Delays

Mon Nov 30, 2015

Its been a while since I've written. This time mainly as a result of lack of time, and energy. I've been busy enough that its gotten to the point where I needed to cut something in addition to sleep. Honestly, I'm unsure that blogging was the right choice, but there you have it. This piece is just going to be a journal entry, mostly non-technically related, to get me caught up.

What the hell have you been doing?

Mostly work. Seriously. Like work-work, not fun-work. This short guide has been helpful more than once. I can't go into the details, but there was a porting project that I'd been part of which required a lot more time than had been alotted to it in various related planning sessions. Combined with some minor extra-curriculars, this effectively burned enough time and energy that I haven't had any left over for writing. And, I have to admit shame-facedly, that it has also started to affect my intellectual output at the weekly reading group.

It's mostly cleared up at this point, and the parts that aren't are finally someone else's problem, so I might be getting to the point where serious thinking can happen that's unrelated to work-work. That would be quite nice.

The work-work I've been doing since has involved developing a serious understanding of Rails and the Ruby dependency/package ecosystem. The project itself is a small standalone service that does some moderately interesting things I'm not sure I'm allowed to write about (I'll ask, but no promises), with a minimal JSON-based web API. So this is effectively the first time I've built a rails project from mostly scratch. I maintain my opinion that Rails is a giant pile of garbage with some good ideas haphazardly mixed in.

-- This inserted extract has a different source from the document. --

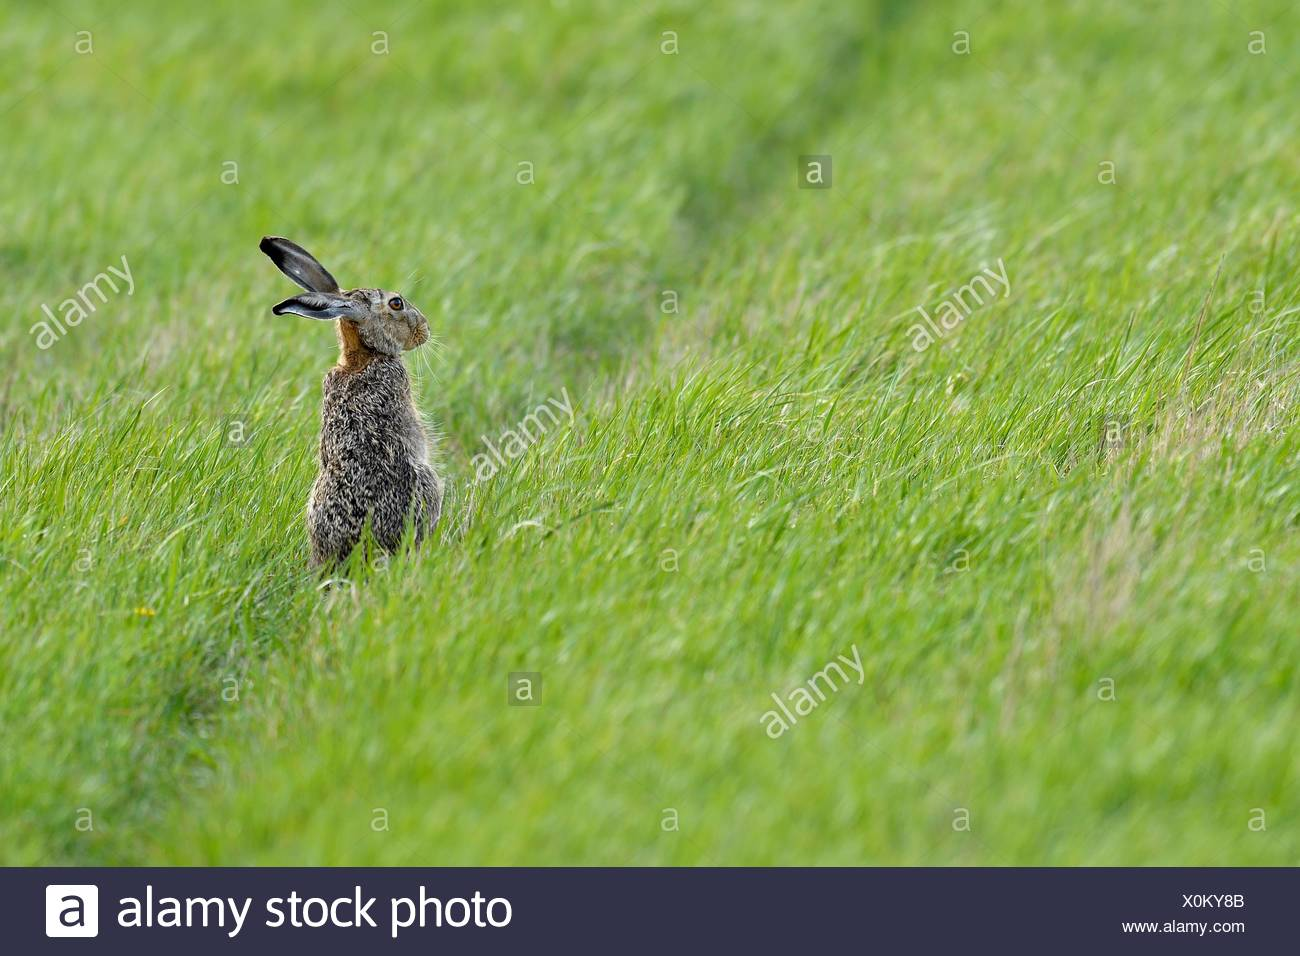 European hare (Lepus europaeus), located in Wiese, Lake Neusiedl National Park, Burgenland, Austria - Stock Image

ActiveRecord looks like it's on the level of CLSQL in terms of a database layer (though it seems to perform worse in certain contexts; I'll keep you posted if benchmarks ever happen), and rspec is a passable testing framework (though I still prefer prove in most ways, and seriously need to look into one of the Ruby quickcheck ports before too long).

That's... about it.

It still relates certain otherwise separate parts of a system on the basis of filenames, it has an object-based routing mini-language that seems more confusing and less flexible than writing out route maps manually, it still has very little compile-time support for catching the sorts of errors that I kind of thought web frameworks are supposed to prevent, and its "convention over configuration" mantra still tends to boil down to "memorize this please; understanding is superfluous. Also, boilerplate everywhere". Sufficed to say that I've been trying my hardest to touch the framework itself as little as possible. I get the feeling that that particular dead horse has already been thoroughly beaten, so I'll say no more about it.

Actually interesting things have been pretty limited. I still haven't found time to work on Starfish. Or cl-notebook. Or LLTHW. All of which I'd very much like to pour some hours into. I have been struggling through the first 12 chapters of PFPL, but "struggling" is the operative word. This is nothing like my SICP experience, where I at least had a few years with the underlying language under my belt. PFPL focuses obsessively on the math and logic aspects of programming languages, and presents most of its code in the form of raw ML/Haskell-style datatype definitions. There are some interesting insights here though, and weight of material aside, I'm hoping I can make it through all the way.

Kickstarter Update

It's been a while since I've started using Kicktracker to find out about new boardgames coming out. Long enough that the first cluster of them has been delivered, and I just wanted to share the experience briefly.

The most common experience so far has been "production delays". I've gotten one thing precisely on time, most of the rest of the pieces with at least minor delay, and one delivery I was expecting is still outstanding. Oh, and then there's this thing. Seriously,Ryan Laukat is a fucking machine. Not only does he do the concept, game design and art for his games on his own, he also delivered his last project about two months ahead of schedule. No idea what kind of planning, intensity and ouright luck that takes, but he's got it.

The delays haven't prevented me from backing lots of games, of course. I'm up to 19 total at this point, 8 of which I wouldn't have found through Rahdo's video channel. I guess I'll call that a "win".